I have so many dreams that it has become a daily obstacle for my, well, reality. It's the kind of thing you see people in movies getting into trouble for when they stare off idly into space...except that I'm not in the middle of a romantic fantasy (usually). It's more of a Romantic fantasy.
I want to get out of here. (Okay, bare with me. I don't mean it in the teenage rebellion way). I mean I want to see the world outside of the States. Granted, I have seen most the states in the continental United States; but here it's all so similar in culture and wealth. I want to live in lands completely foreign to my own, and make a career of somehow cataloging all of it so I can use work as an excuse to travel. Surely this is a universal dream - and totally cliche - but I think, for me, writing while continually on the road to discover and gain more inspiration from new sights is the way I would like to spend my life, post-university.

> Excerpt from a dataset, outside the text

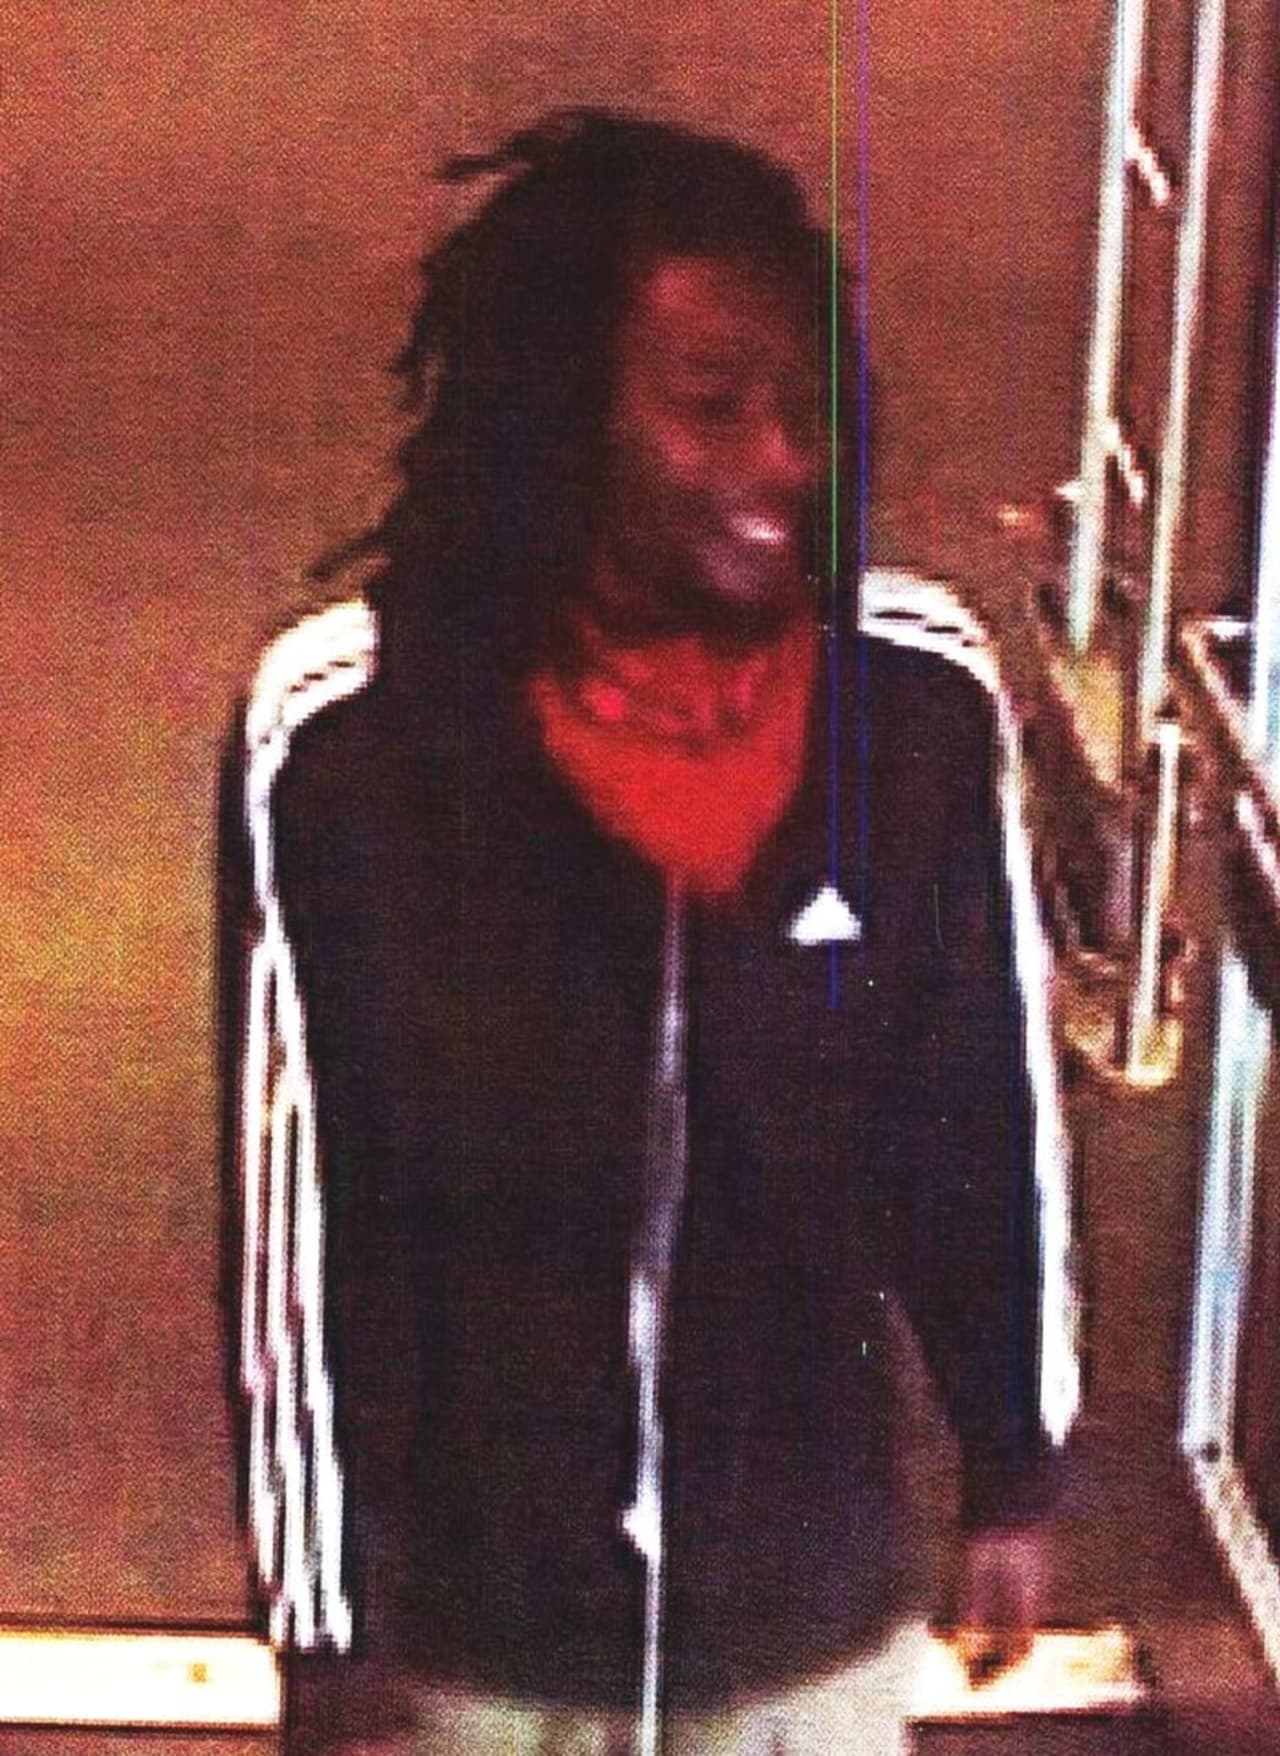 A woman is wanted by police in Suffolk County after allegedly stealing from Target in Bay Shore

The harm, as I mentioned initially, is all of the hypothetical sort. I could miss out on so much, always being on the move. I'd have to abandon so much interaction and possibly miss out on meeting and keeping daily communication with so many people.
After a while it seems more like a recluse's life. But this has been the kind of lifestyle I have repeatedly dreamed and day-dreamed about for the past four years.
Maybe it will leave me or maybe not. I hope to find out before I'm truly independent; I'd like to keep these childish dreams alive.